Run PyTorch Lightning DDP in Hydra#

Using Hydra to run PyTorch Lightning’s Distributed Data Parallel (DDP) Strategy often has issues , in part because the strategy launches subprocesses where the command is derived from values in sys.argv.

The rAI-toolbox comes with a custom strategy, HydraDDP(), that addresses the challenge of running Hydra and Lightning together using DDP.

In this How-To we will:

  1. Define the requirements for a Hydra configuration.

  2. Build a hydra-zen configuration to execute a PyTorch Lightning multi-GPU training task.

  3. Launch the training task.

  4. Examine the logged files in the Hydra working directory.

First, in order to use HydraDDP(), the Hydra configuration must contain the following two sub-configurations:

1: Define requirements for Hydra configuration#
Config
 ├── trainer: A ``pytorch_lightning.Trainer`` configuration
 ├── module: A ``pytorch_lightning.LightningModule`` configuration
 ├── datamodule: [OPTIONAL] A `pytorch_lightning.LightningDataModule` configuration

This configuration requirement enables HydraDDP() to use a toolbox-provided task function (rai_toolbox.mushin.lightning._pl_main.py) that is launched for each subprocess:

The task function automatically run by each HydraDDP subprocess#
def task(trainer: Trainer, module: LightningModule, pl_testing: bool, pl_predicting: bool, pl_local_rank: int) -> None:
    if pl_testing:
        log.info(f"Rank {pl_local_rank}: Launched subprocess using Training.test")
        trainer.test(module)
     elif pl_predicting:
         log.info(f"Rank {pl_local_rank}: Launched subprocess using Training.predict")
         trainer.predict(module, datamodule=datamodule)
    else:
        log.info(f"Rank {pl_local_rank}: Launched subprocess using Training.fit")
        trainer.fit(module)

Note that the configuration flags for pl_testing, pl_predicting, and pl_local_rank are automatically set by HydraDDP() before execution.
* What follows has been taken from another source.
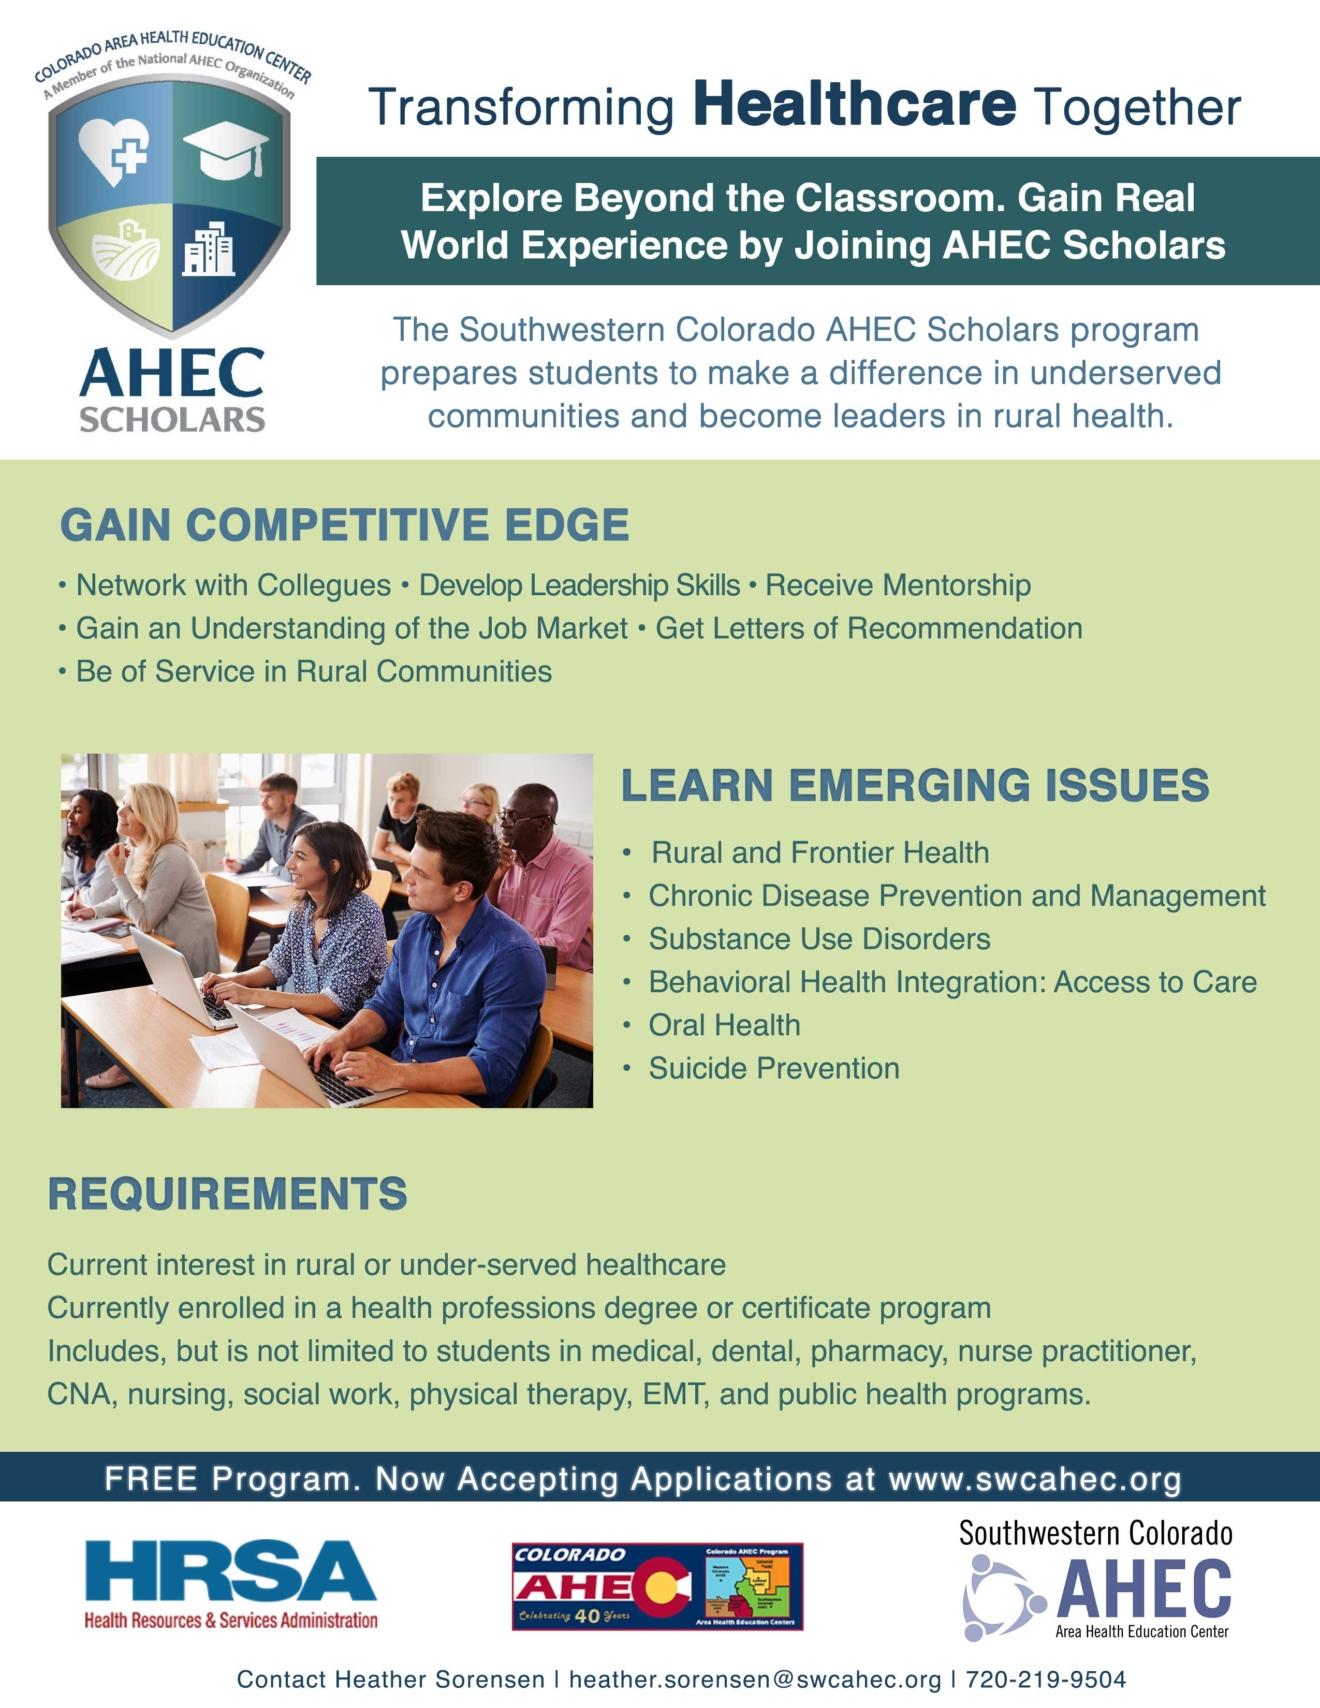 ahec-scholars-flyer-2019-11.6.19-(VS2)

Next let’s create an example configuration and task function using hydra-zen:

2: Creating hydra-zen configuration and task function for leveraging HydraDDP#
import pytorch_lightning as pl

from hydra_zen import builds, make_config, instantiate, launch
from rai_toolbox.mushin import HydraDDP
from rai_toolbox.mushin.testing.lightning import SimpleLightningModule

TrainerConfig = builds(
    pl.Trainer,
    strategy=builds(HydraDDP),
    populate_full_signature=True,
)

ModuleConfig = builds(SimpleLightningModule, populate_full_signature=True)

Config = make_config(
    trainer=TrainerConfig,
    module=ModuleConfig
)

def task_function(cfg):
    obj = instantiate(cfg)
    obj.trainer.fit(obj.module)

Next, we launch the training job. For the purpose of this How-To, we will run only for a single epoch and in “fast dev run” mode.
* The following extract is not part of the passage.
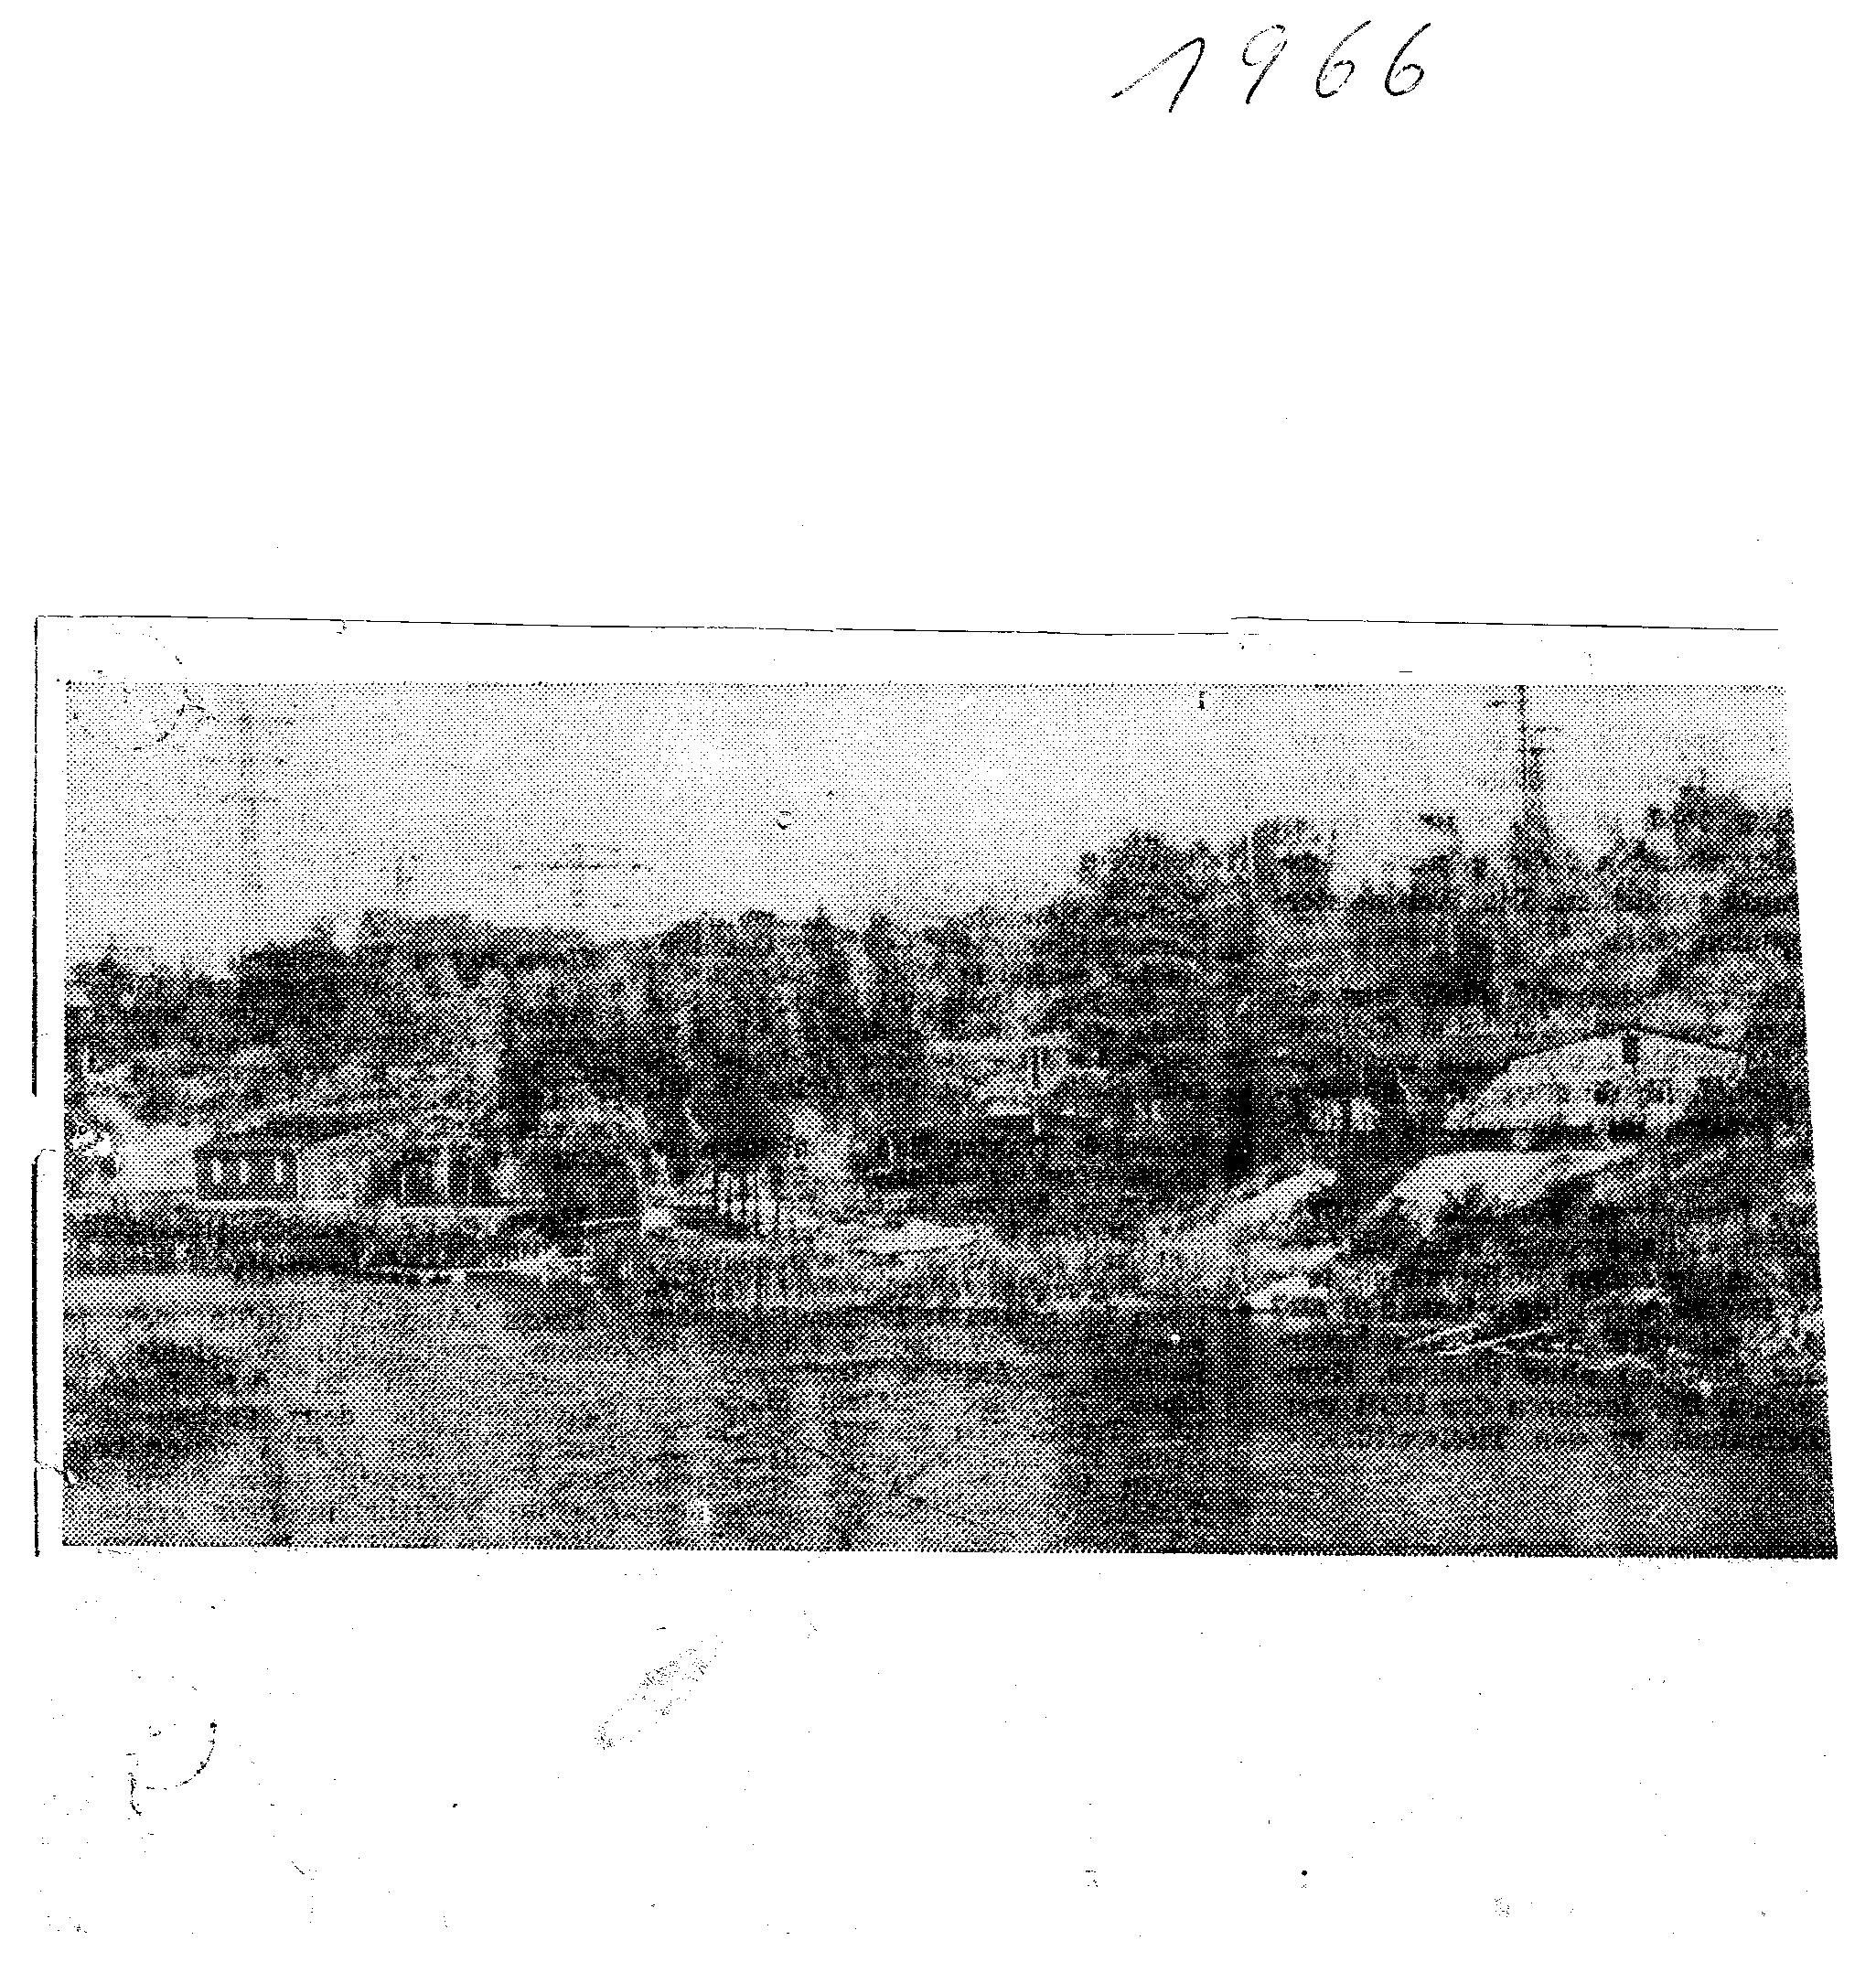 1966 Bild Ufer HKC

3: Execute a Hydra-compatible ddp job using two gpus#
>>> job = launch(Config, task_function,
...              overrides=["trainer.gpus=2",
...                         "trainer.max_epochs=1",
...                         "trainer.fast_dev_run=True",
...                        ]
...              )
GPU available: True, used: True
...

Lastly, the Hydra working directory will contain these two items:

  • The Hydra directory, .hydra, storing the YAML configuration files

  • The file, zen_launch.log, storing any logging outputs from the run

The log file should contain the following information:

4: Output of zen_launch.log#
[2022-04-21 20:35:40,794][__main__][INFO] - Rank 1: Launched subprocess using Training.fit
[2022-04-21 20:35:42,800][torch.distributed.distributed_c10d][INFO] - Added key: store_based_barrier_key:1 to store for rank: 1
[2022-04-21 20:35:42,801][torch.distributed.distributed_c10d][INFO] - Added key: store_based_barrier_key:1 to store for rank: 0
[2022-04-21 20:35:42,802][torch.distributed.distributed_c10d][INFO] - Rank 0: Completed store-based barrier for key:store_based_barrier_key:1 with 2 nodes.
[2022-04-21 20:35:42,810][torch.distributed.distributed_c10d][INFO] - Rank 1: Completed store-based barrier for key:store_based_barrier_key:1 with 2 nodes.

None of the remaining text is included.